Type of Card10	Cost (U.K. pounds)	Cost (Canadian dollars)
Plain plastic card	1.318 billion	2.780 billion
Simple smartcard	1.640 billion	3.575 billion
Sophisticated smartcard	3.145 billion	6.850 billion

The Committee notes that the population of Great Britain is approximately double that of Canada. Thus, the price tag for a similar system in Canada would likely be less than, although not necessarily half, the British cost.
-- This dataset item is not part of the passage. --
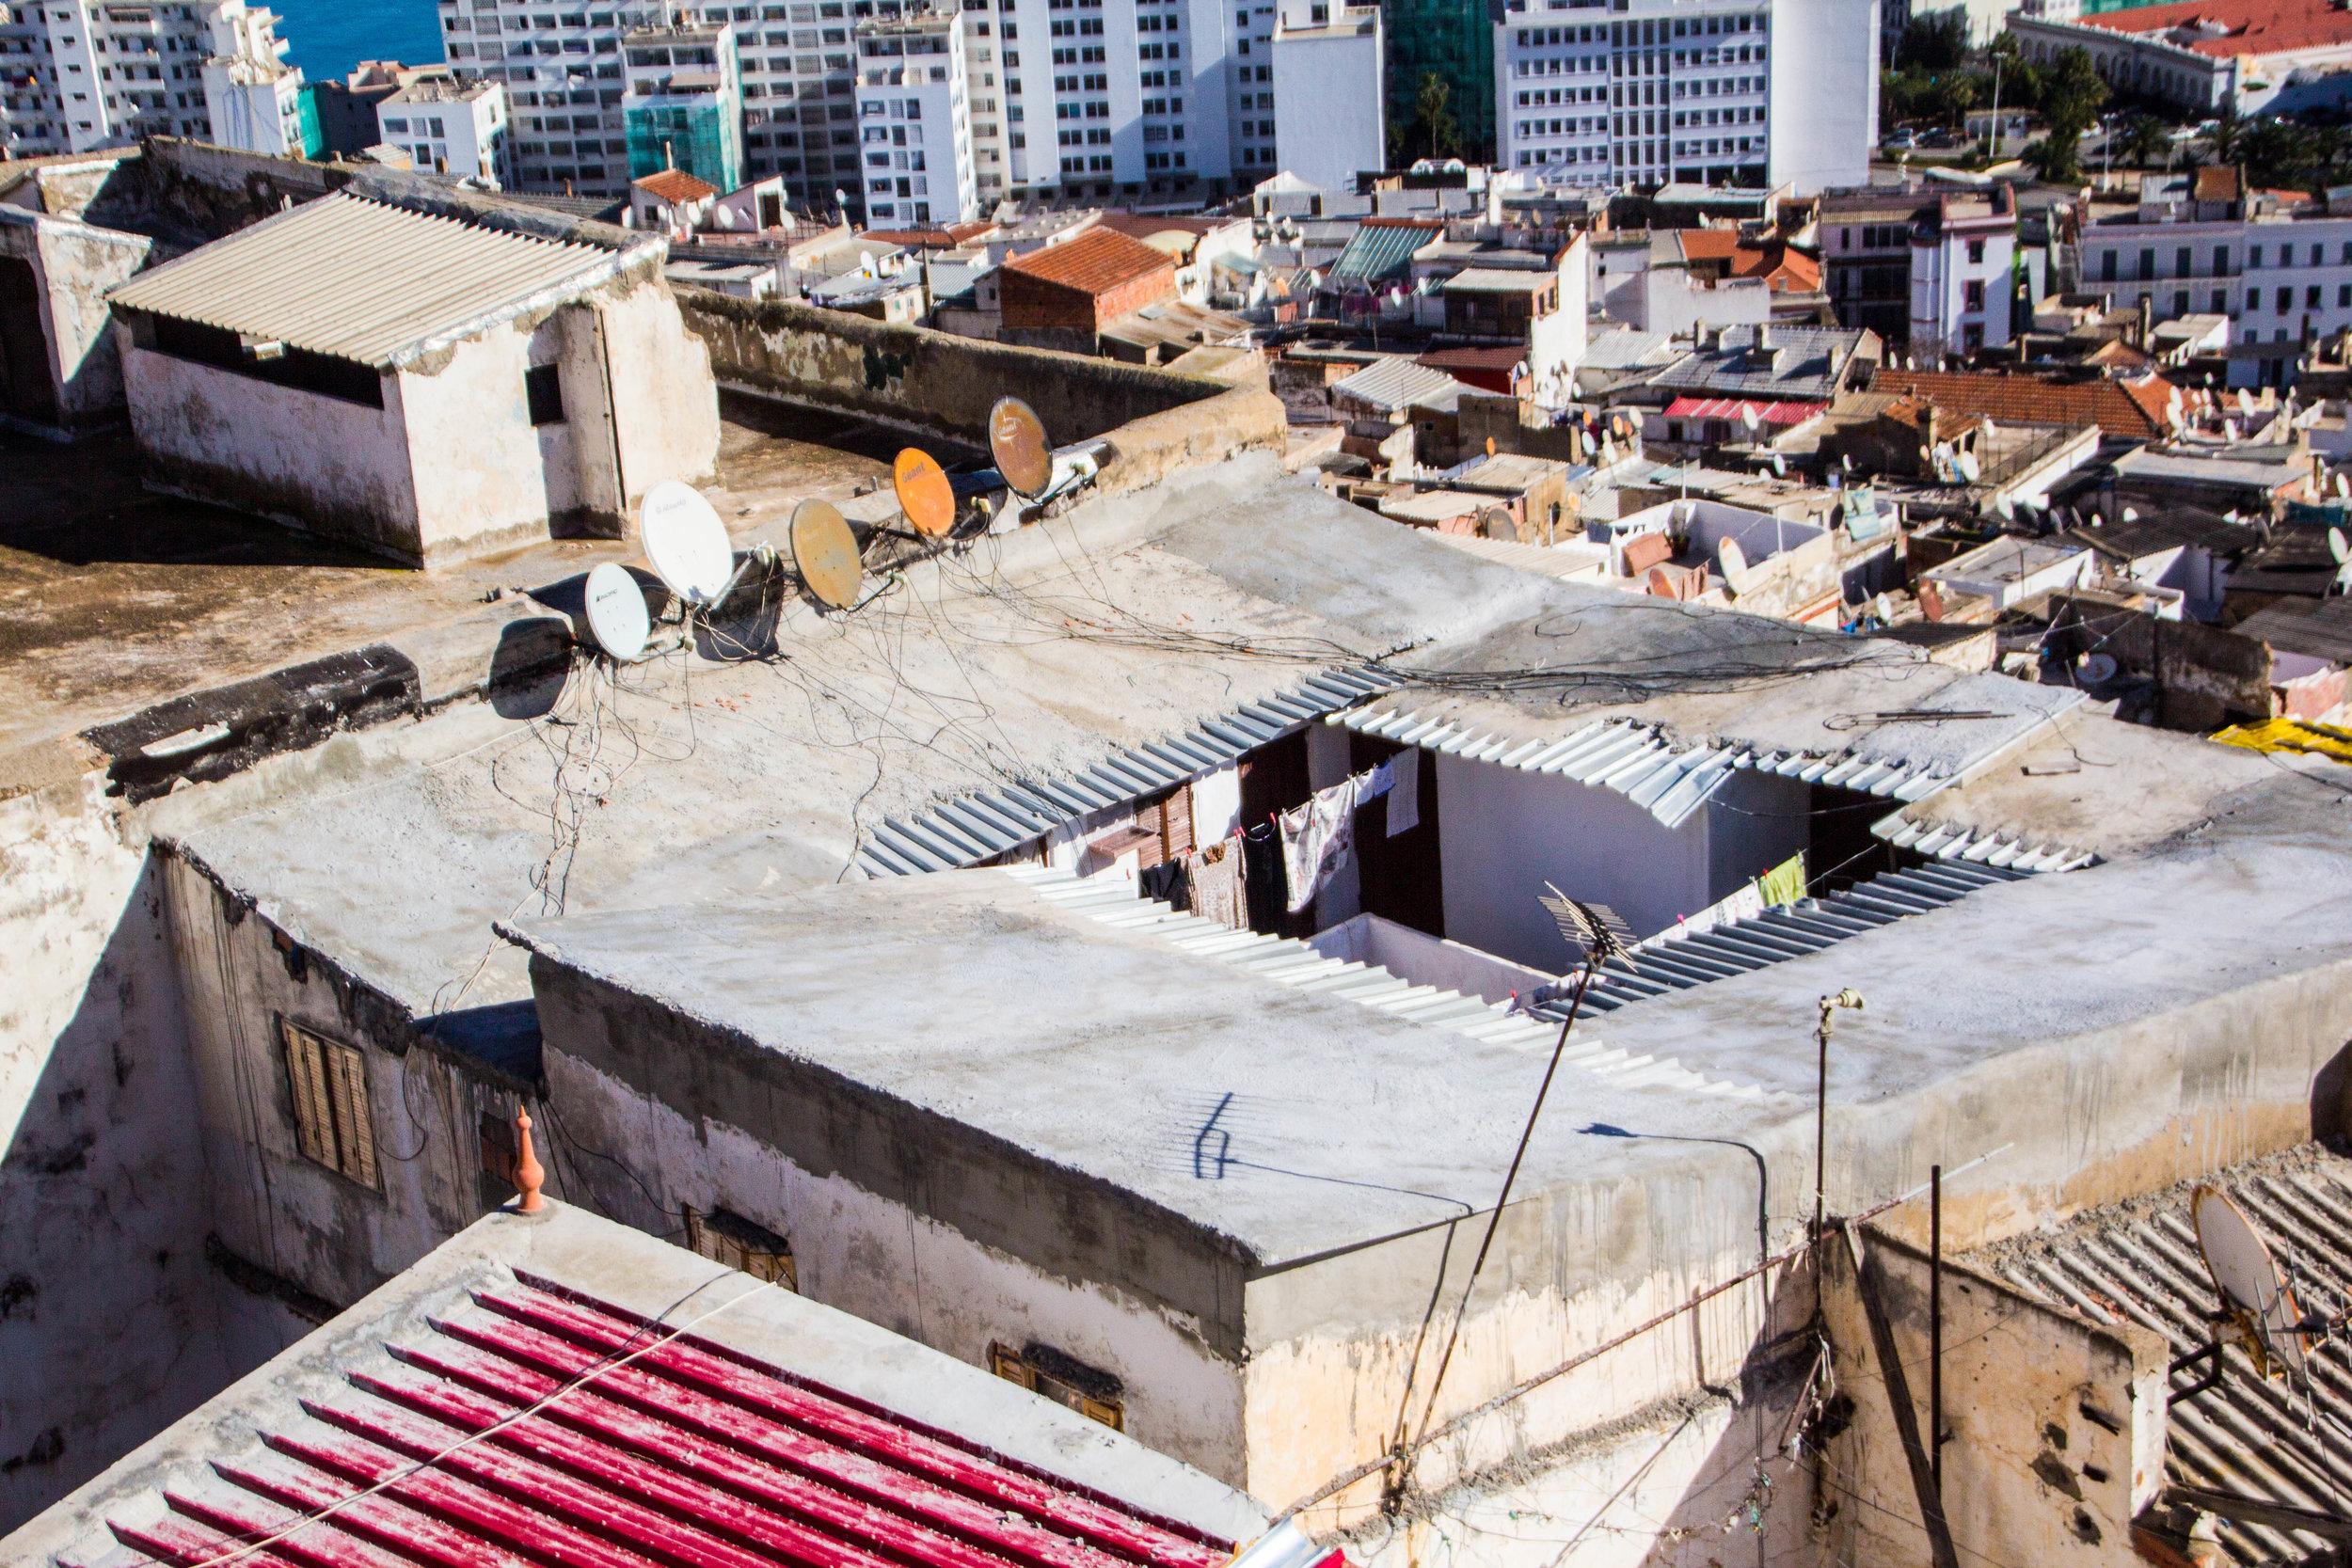 casbah-from-above-algiers-algeria-19.jpg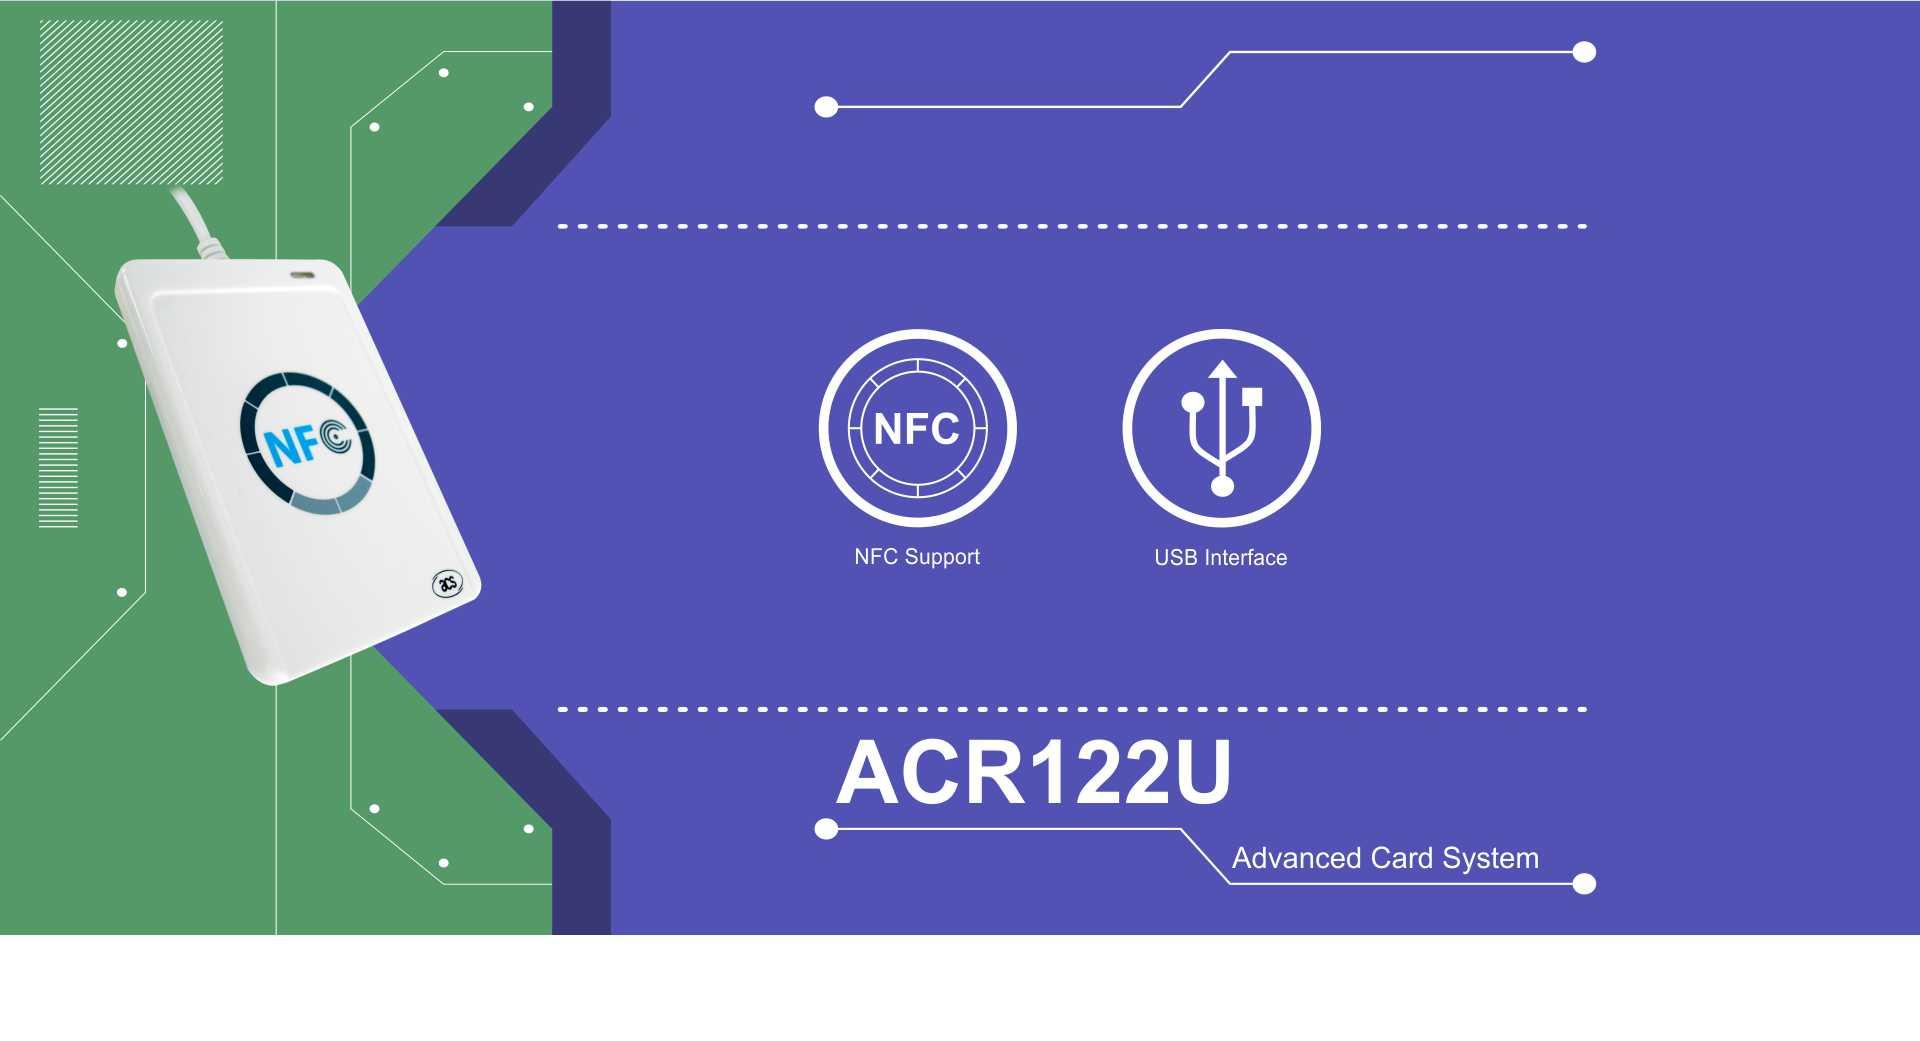 ACR122U

The Committee also met with representatives of the British Passport office, where biometric pilot projects are being conducted. The Committee heard that the U.K. is planning to include facial recognition technology in its passport by 2005, based on the International Civil Aviation Organization’s May 2003 standards, in an effort to comply with the American legislation regarding visa waiver countries discussed earlier.

In London, we were also told of pilot projects that are also being conducted on the use of iris scans and fingerprinting, both of which were well received by the public, according to the officials that briefed the Committee.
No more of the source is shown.